This is one of the memories I hold onto when I start
to feel like that waif in a wheelchair. I believed in myself and I did what I
believed to be in the best interest of my child. I did many wrong things. I
followed a lot of bad advice, I ran away when I should have fought to stay, but
when all is said and done, I did not kill that child, I loved him as hard and
as best I could, and in looking back I can see that in those moments when I
accepted my glaring reality, I was a good mother, a smart woman, and a strong
person.
The reason I chose to blog on this particular
topic was because it is what I know. And, it is what I do not want anyone else
to know.
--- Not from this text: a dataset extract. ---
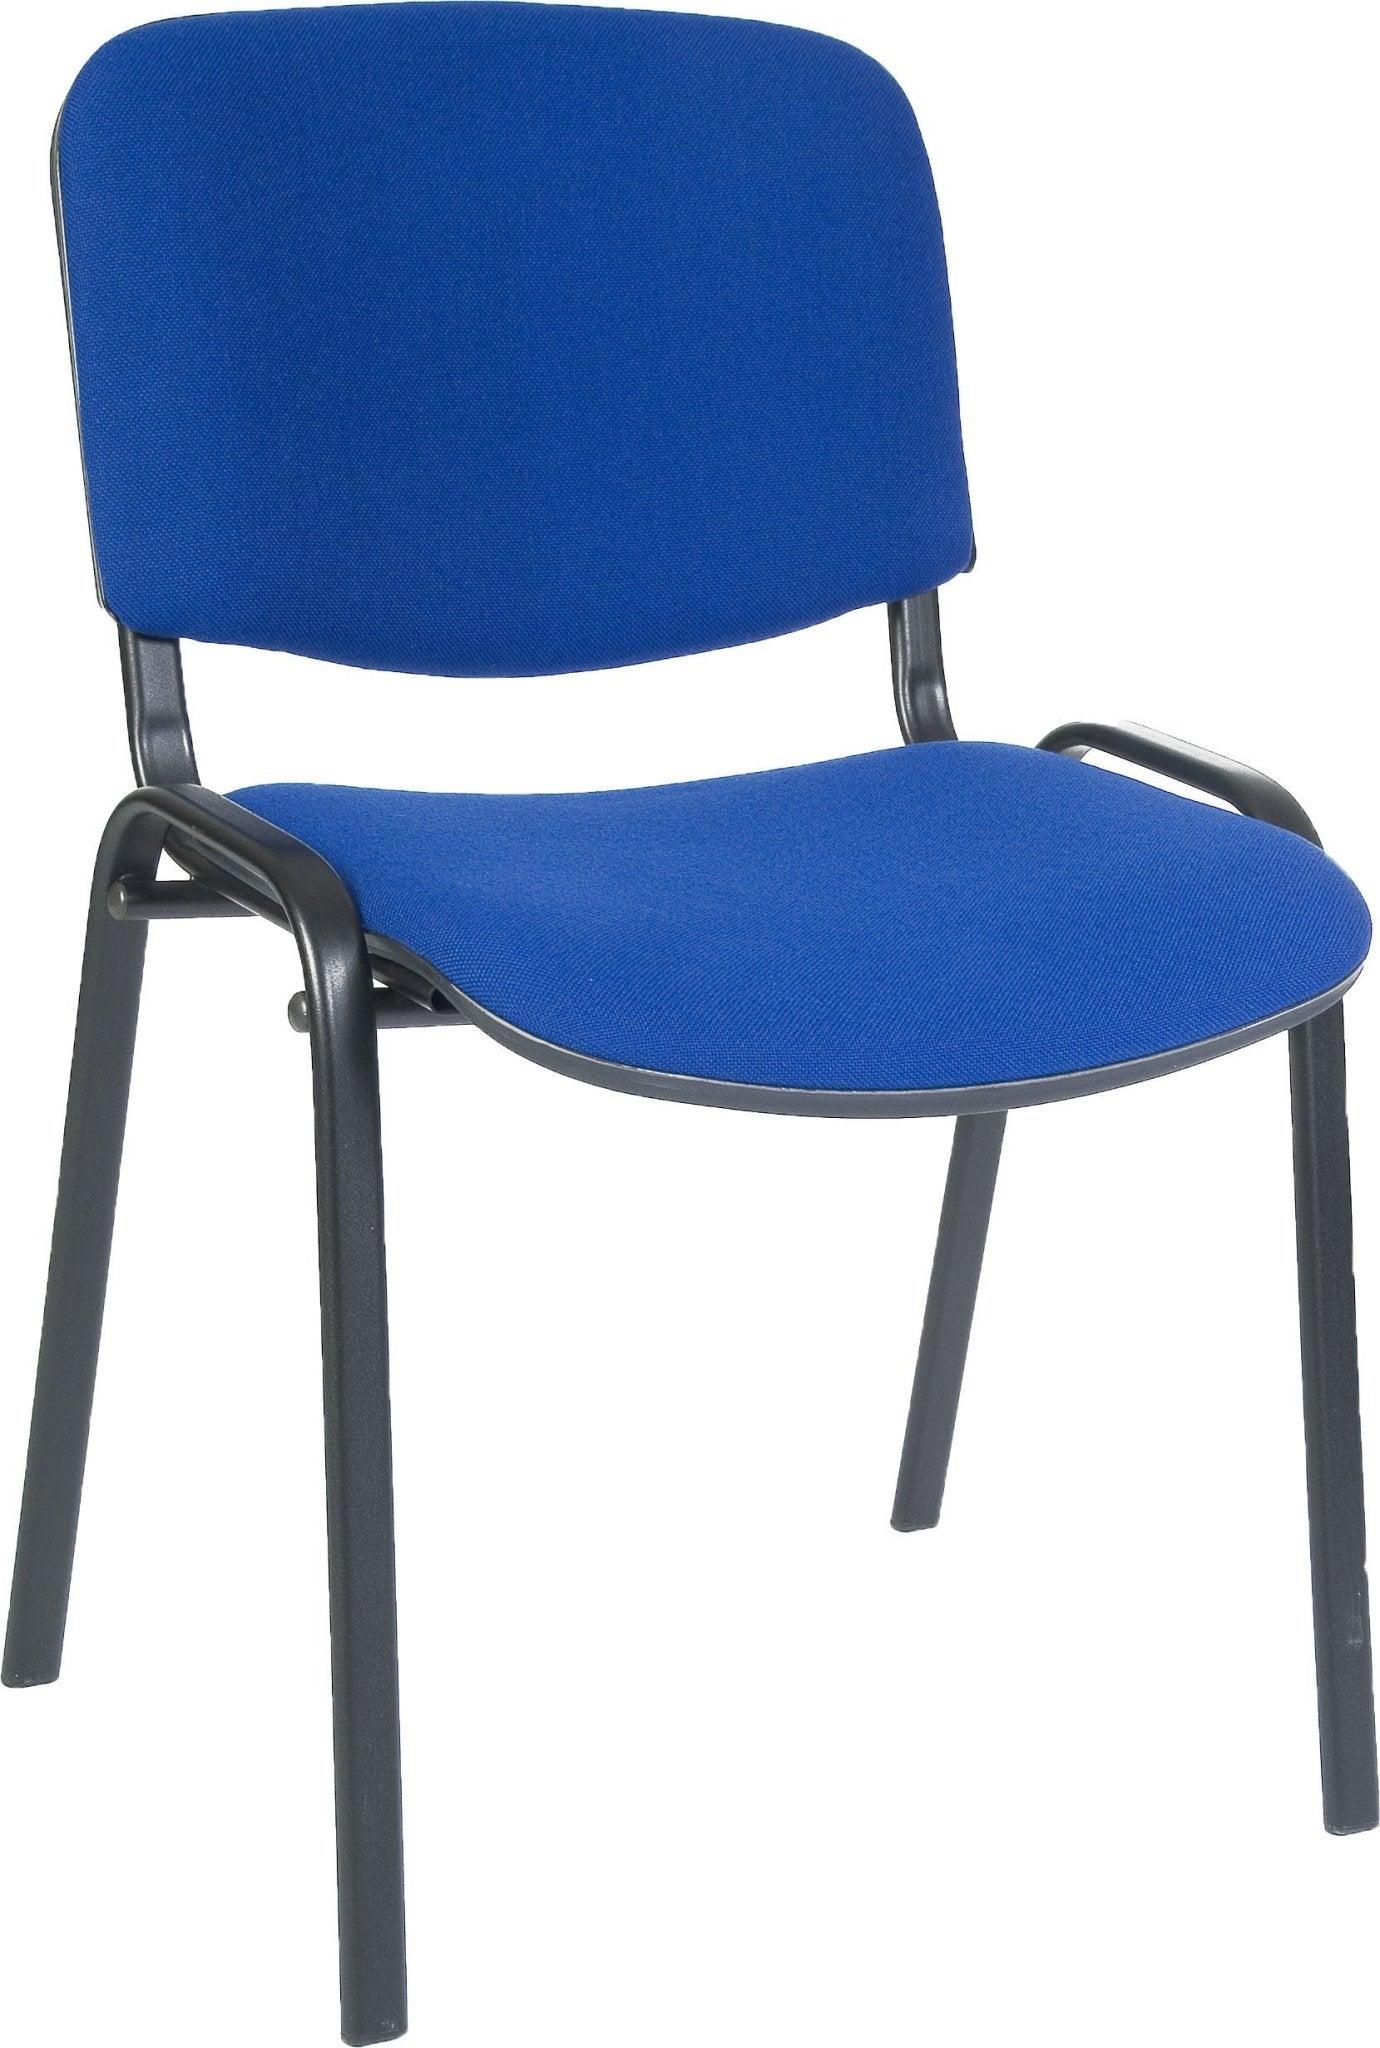 Conference room chair (blue) - crimblefest furniture - image 3

It is the shame of the waif in the wheelchair looking down but not at
the evidence of her immorality and ignorance, as if the pregnant belly had somehow
hidden it up to this point. This sense of shame prods me to write about what I
know. I do not like the way shame feels. I have felt it far too often in my life; I try my best to avoid situations in which I might do or say something
"shameful." It is ironic (yes,
it is) that writing about what makes me feel shame ultimately makes me feel
serene. Perhaps it purges the shame; it may be an Aristotelian catharsis, wherein I am the
playwright, the play and the audience, all at the same time aware and reaching
for the cathartic end, and, at the same time, unaware of the outcome. Crafting
my performance, inhabiting the role and then dropping it, I crawl out from
underneath the weight of my shame, as a snake does his own shed skin, time and again.
It always surprises me when I feel better.
My hope is that those other, past tense, teen
parents out there who understand what I am describing because they know it too,
will share their stories. Tell us how you did it. Tell us how you raised a kid
or more than one without killing one, losing one, having one in jail or on
drugs. Tell us how when everyone else in your world told you that you were not
old enough, good enough, or smart enough, you figured out how to raise a human
being who is a contributing member of society, and, in the process, made
yourself successful, happy, contented, and justifiably proud of your child and
yourself.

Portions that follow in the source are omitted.